# Linseed oil, still tacky



## newbiewoodworker (Aug 29, 2010)

Sorry for you who read one of my other threads, I posted this question yesterday at the very end, but I have a hunch it wont get seen, so I'll post it as a thread…

About 4 days or so ago, Friday, I applied my 3rd and final coat of BLO. But to this day, its still sticky. The other coats dried and werent all that tacky after a day of drying.

Unfortunately the area is not heated, so the temperatures fluxuate. I cannot ensure that it stays a warm temperature..

I have had a fan blowing on it, during the day when the garage door is open. But thats it.

My question is: Should I wipe off this stickiness with MS and a rag? Or leave it be for another while?


----------



## PurpLev (May 30, 2008)

how did you apply the BLO? normally you would coat your workpiece, and after 10-15 min or so wipe of any excess . did you wipe off the excess on each 'coat'? or just left it as is?

It sounds like you've got BLO overload on your workpiece, just wipe off any excess that you have, and leave it to dry. It can take some time to dry if there is a lot of it.


----------



## sbryan55 (Dec 8, 2007)

I agree with Sharon. It sounds like either you have an excess of blo on your wood. The unreacted oil can be readily removed with a mineral spirts wipe. Normally it will take blo about 72 hours to cure completely at current temperatures.


----------



## newbiewoodworker (Aug 29, 2010)

Thats what I may have thought. I had read to sop it on, then leave it for the first 2 coats. Then on the final wipe off the excess.. I must have read a faulty source…

If I wipe off the excess with Mineral Spirts, should I reapply?
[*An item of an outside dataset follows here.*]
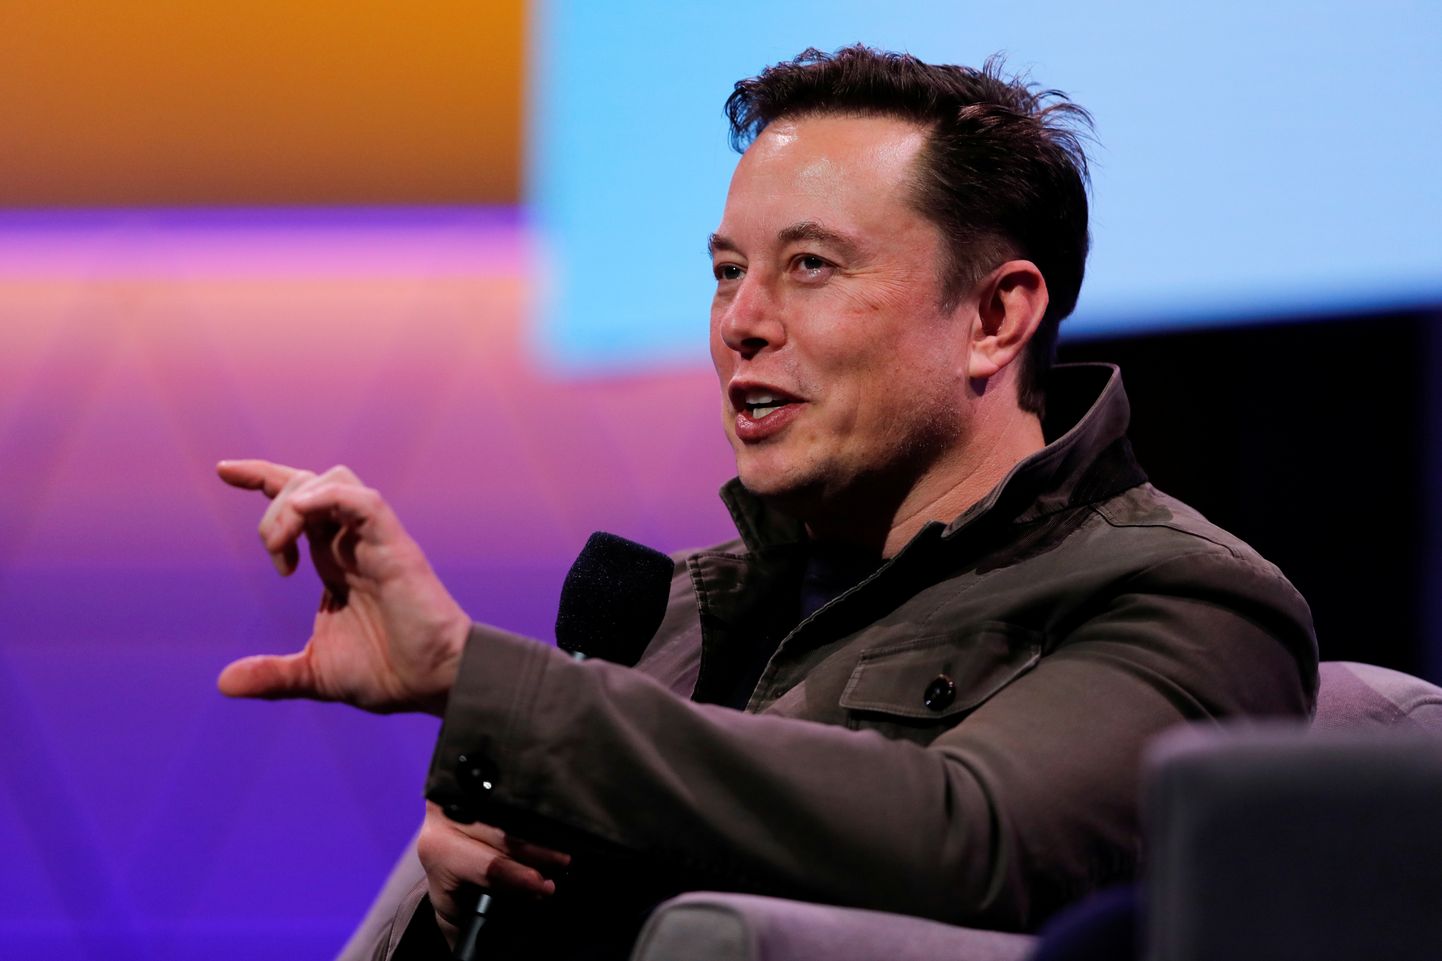 FILE PHOTO: SpaceX owner and Tesla CEO Elon Musk gestures during a conversation with legendary game designer Todd Howard (not pictured) at the E3 gaming convention in Los Angeles, California, U.S., June 13, 2019.  REUTERS/Mike Blake/File Photo

I will it be sufficent?


----------



## PurpLev (May 30, 2008)

BLO is a penetrating oil, it does not create a film on top of your workpieces like poly/lacquer/shellac/wax do which also explains your tackiness as the wood has soaked up all it can, and cannot soak up the rest of it as it is loaded with BLO.

for the same reason - minural spirits will not affect the BLO inside (soaked) the wood. so you can safely use a damp rag with minural spirits and wipe off the excess from the top. although I'm not sure I'd go that extra mile, and just wipe off the excess with a dry rag - just to get all the excess that wouldnt soak in the wood anymore.


----------



## newbiewoodworker (Aug 29, 2010)

I wiped the sticky stuff off with MS, but it seems not to be doing any thing. Also, a few of the boards got a glaze to them, is this normal?? (Its been with the glaze since I applied the first coat..)

But other boards dont have a glaze…


----------



## AaronK (Nov 30, 2008)

a few months ago someone had a similar problem. the degree of penetration depends on the grain and figure orientation, so it's not surprising that you're seeing some variability.

I don't use a whole lot of BLO on its own, but even with no other finishing agents, i still cut it with mineral spirits so that it doesn't go on quite as heavy.


----------